Я просил маму, чтобы она, прикрыв двумя пальцами название картины и фамилию художника, проэкзаменовала меня; ответы всегда оказывались верными.
В этой занимательной угадайке, да и в школе, если речь шла об искусстве, я всегда был отличником; правда, с пятого класса, когда в учебной программе появились математика, физика и химия, я безнадежно отстал; устный счет давался мне легко, но вот решить на бумаге уравнение с двумя неизвестными получалось редко. До шестого класса меня держали на плаву отличные и хорошие отметки по немецкому, английскому, истории и географии. Не раз я удостаивался похвал за рисунки карандашом, акварелью и тушью, выполненные с натуры или без таковой; но когда в седьмом классе мне поставили «неуд» за латынь, пришлось вместе с другими второгодниками пережевывать всю программу снова. Это больше беспокоило моих родителей, чем меня самого, поскольку я с детских лет предпочитал витать в облаках.
Моих внуков, которые огорчаются сегодня из-за плохих отметок или страдают из-за беспомощной суеты учителей, вряд ли утешит призна-, ние деда, что сам он был отчасти ленивым, отчасти честолюбивым, но в общем-то неважным учеником. Они стонут, будто им приходится нести на себе тяжкое бремя педагогики, будто их школа превратилась в каторгу, будто необходимость учебы лишает их сладчайших грез; а вот в мои сны школьные стрессы никогда не вторгались ночными кошмарами.

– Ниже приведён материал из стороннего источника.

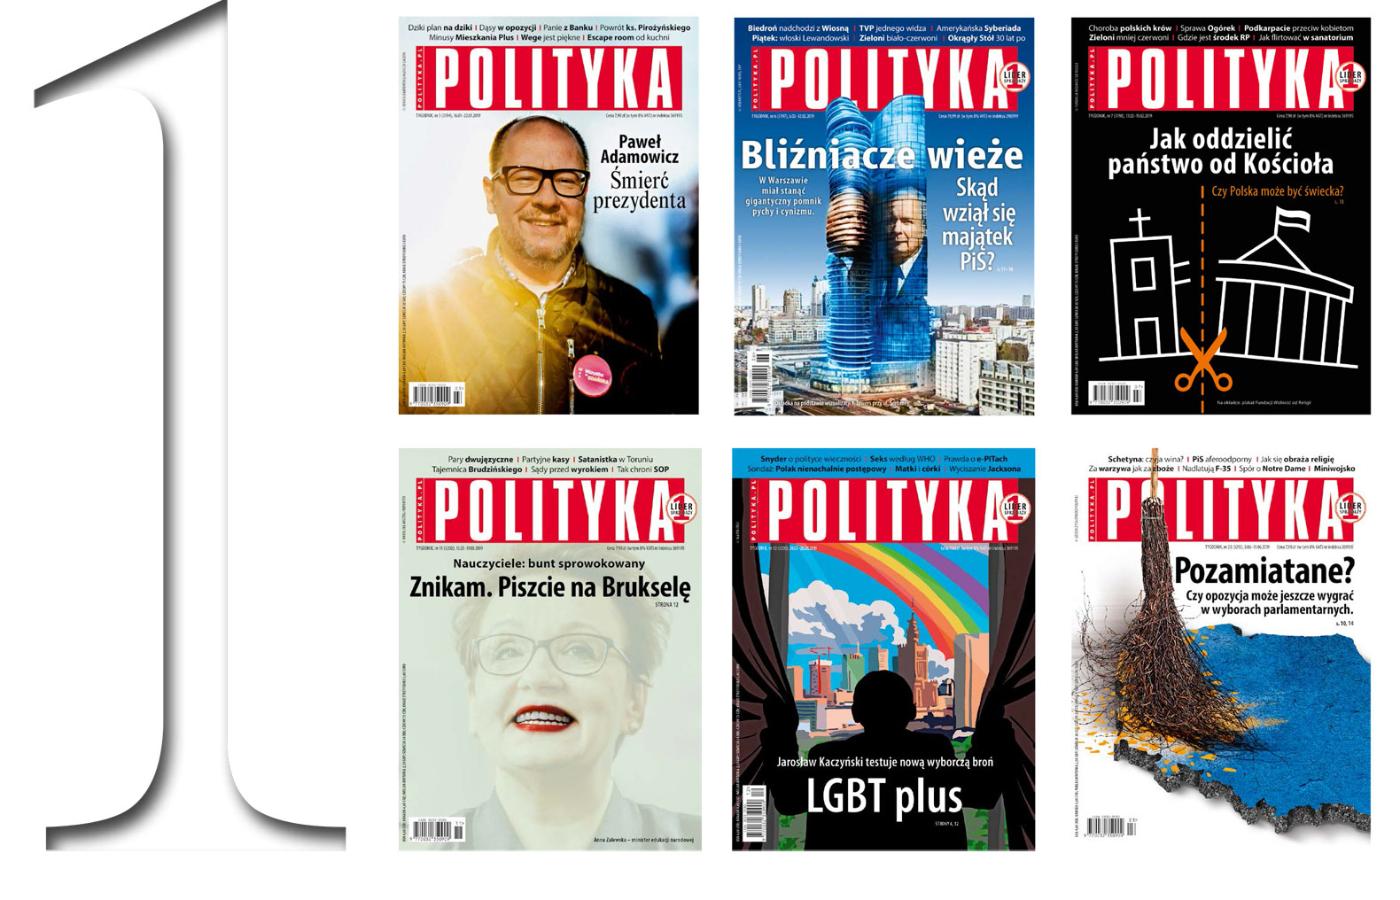 W pierwszym półroczu tego roku POLITYKA sprzedawała średnio 94,8 tys. egzemplarzy.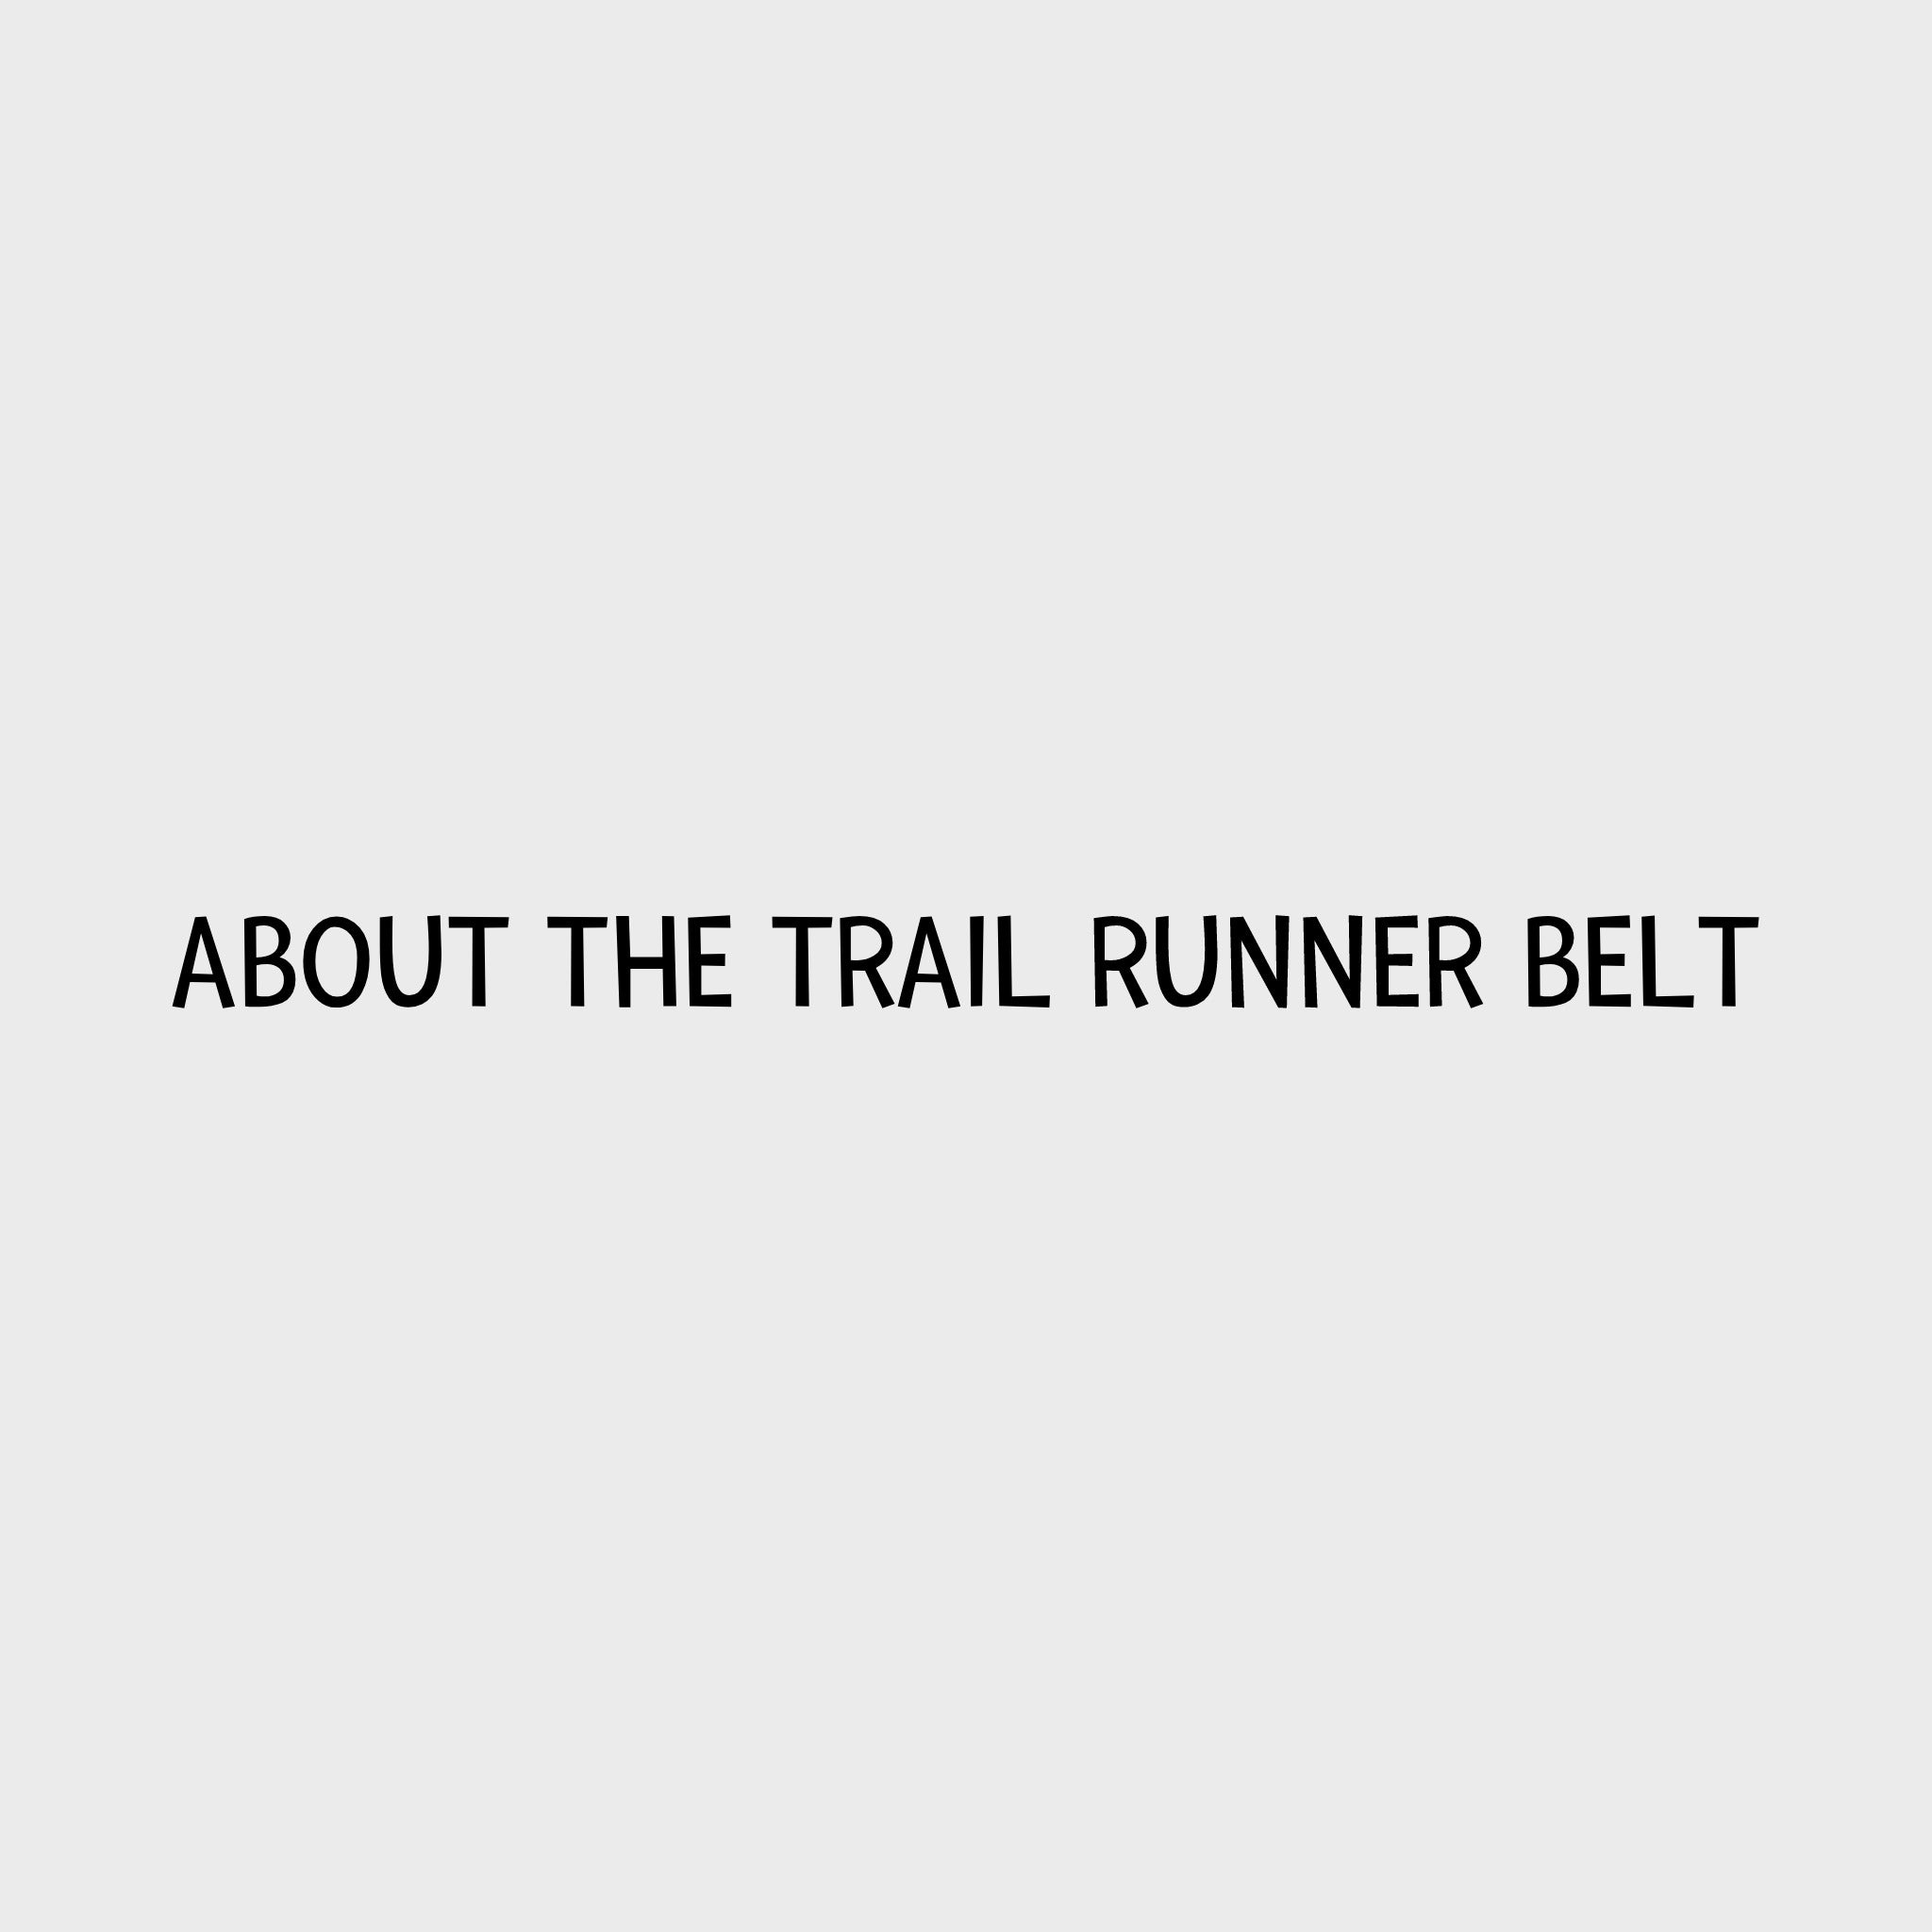 Video - Ruffwear Trail Runner Belt

Когда я был совсем маленьким, еще не носил красную гимназическую фуражку и не коллекционировал цветные картинки, то в летнюю пору, которая казалась бесконечной, я любил строить на пляжах, каких было много на берегах Данцигского залива, замки из сырого песка — с высокими крепостными стенами и башнями, населенные фигурами, которые порождала моя фантазия. Море снова и снова смывало песочные постройки. Бесшумно рушились высокие башни. Мокрый песок уходил меж пальцев.
«Песочный город» — так называлось длинное стихотворение, написанное в шестидесятые годы, когда я, сорокалетний отец троих сыновей и одной дочери, вроде бы обрел прочное социальное положение; подобно герою своего первого романа, автор сделал себе имя, упрятав собственное удвоенное «я» в книги, отданные рынку.
Стихотворение повествует о родном крае, о шумах Балтики и задается вопросом: «Родился — где и когда, почему?» Поток незаконченных фраз обращается к памяти за тем, что утрачено, словно в бюро находок: «Чайки — вовсе не чайки, а…»
Стихотворение о ранних годах моей жизни меж иконой Святого Духа и портретом Гитлера, о начале войны, памятками которого стали осколки снарядов и орудийный огонь, кончалось тем, что детство мое убежало, как песок. Лишь Балтика продолжает шуметь по-немецки, по-польски: блубб, пфф, пшшш…
Войне исполнилось всего несколько дней, когда дядя Франц, мамин кузен, служивший почтальоном и потому участвовавший в обороне Польской почты, вскоре после окончания непродолжительного боя был расстрелян по приговору военно-полевого суда вместе почти со всеми уцелевшими ее защитниками. Судья, который вынес, огласил и подписал смертный приговор, еще долгие годы после войны продолжал спокойно работать судьей в федеральной земле Шлезвиг-Гольштейн, вынося и подписывая новые приговоры. Это было вполне в порядке вещей для времен канцлера Аденауэра, казавшихся нескончаемыми.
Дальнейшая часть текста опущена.